The novel comes from Howard’s point of view. The prose is simple and direct, lyrical in a restrained manner. The prose mimics what Howard says about birds: “Air and light and swiftness.” The interior consciousness of Howard is effectively staccato, punctuated like pecks of thought or short images. The inner life is not one of fluid struggling, as in Virginia Woolf or James Joyce, but closer to the emotionally-charged rational conflicts of later Henry James. As the eighteenth-century English poet Alexander Pope said, the sound must seem an echo of the sense. That’s true in Meijer’s book, where the seemingly loose filaments of Howard’s life begin to coalesce at the midpoint and thereafter cohere around the real theme of the novel, the bird cottage, which she purchased through an inheritance left by her father. It’s difficult to conjure the heroine of this story: is it Howard or the birds? It’s not the men, some of whom are famous, like the visit by Julian Huxley.
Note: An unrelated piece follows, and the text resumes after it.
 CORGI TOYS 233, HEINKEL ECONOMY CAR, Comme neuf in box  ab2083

Is it really so odd to open one’s home to the creatures of nature’s world? We already have among us indoors mice, sometimes rats or squirrels, bats, bees and flies, spiders, ants, creepy-crawlers, etc. The problem is that we’ve sealed off, or have tried to, our houses, streets, towns, and cities from the larger ecosphere. That’s the point of the book: the bird cottage is not a human home only; rather, it’s a democratic meeting place, common ground, for interaction with the natural environment as one organism.  This philosophical outlook is reminiscent of Thoreau or Annie Dillard’s Pilgrim at Tinker Creek. In her words, Howard wants to “do justice to their lives and their world.” This type of reflection is implied often in the book, for the human as well as bird characters. Indeed, Meijer is an accomplished philosopher who has written about interspecies communication in works such as When Animals Speak (NYU Press, 2019). Animals make choices, like humans, or should be permitted to do so. We manufacture airports and office complexes without any consideration of their lives, pushing them aside. Instead, human constructions could surely be made to accommodate their needs.
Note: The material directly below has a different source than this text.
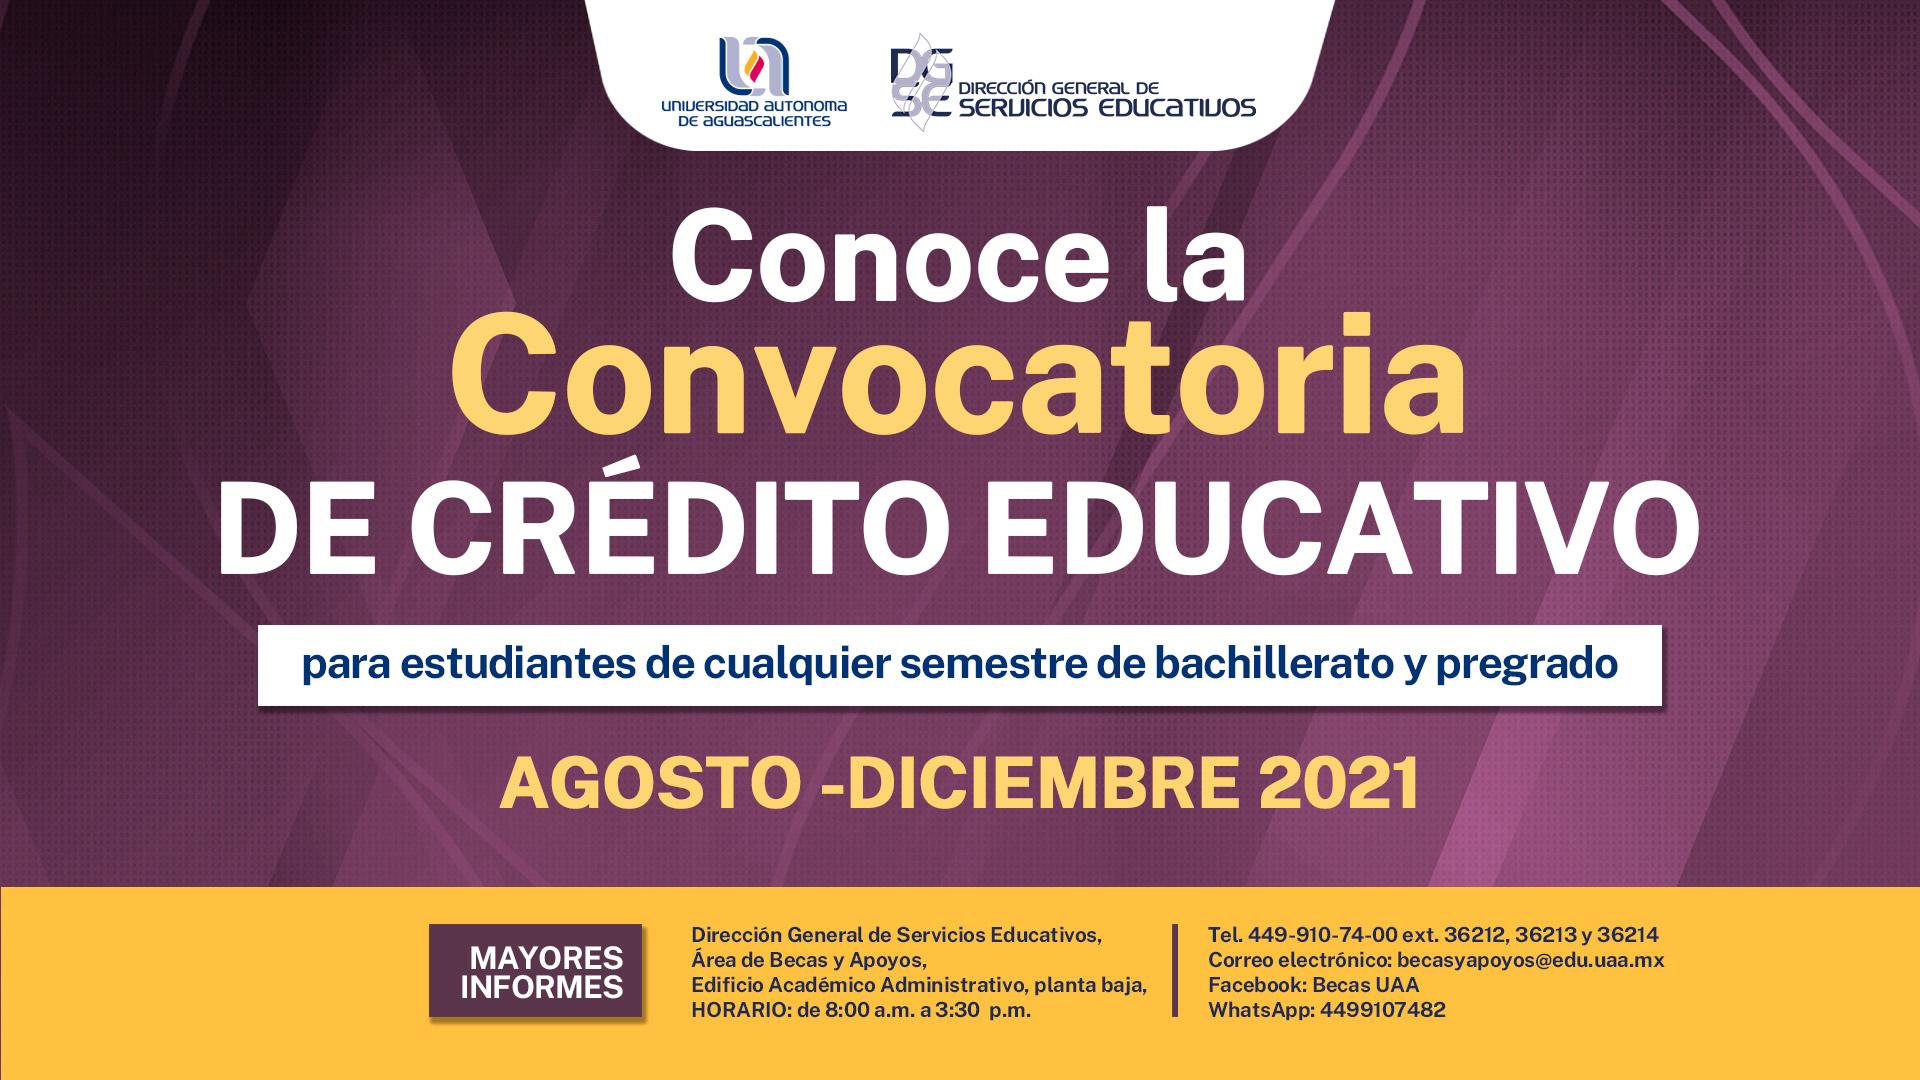 Convocatoria de Crédito Educativo

In spite of her lack of “scientific” training, Howard was an accomplished naturalist who went on to write about birds for journals, culminating in two popular books translated into many languages: Birds as Individuals and Living with Birds. The feminist components of the narrative are strong, and Meijer is aware of the prejudices Howard encountered because of her gender. The novel is a testament to the willpower of a woman who wanted to teach the world about the dangers of ignoring nature, much like Rachel Carson. Howard was born in 1894, the late Victorian age with its clinging social and moral strictures. The characters move from thriving in peaceful Edwardian England to the privations of two world wars, continuities and discontinuities elegantly limned by Meijer. Howard wanted to make her own decisions about the direction of her life, just as she recognized that “animals” from insects and mammals to birds are agents of their own lives. By the time she died in 1973, the world was literally a different place. While the bird cottage was left to a trust, with Howard buried on the property, they eventually sold off the property and trees were cut down.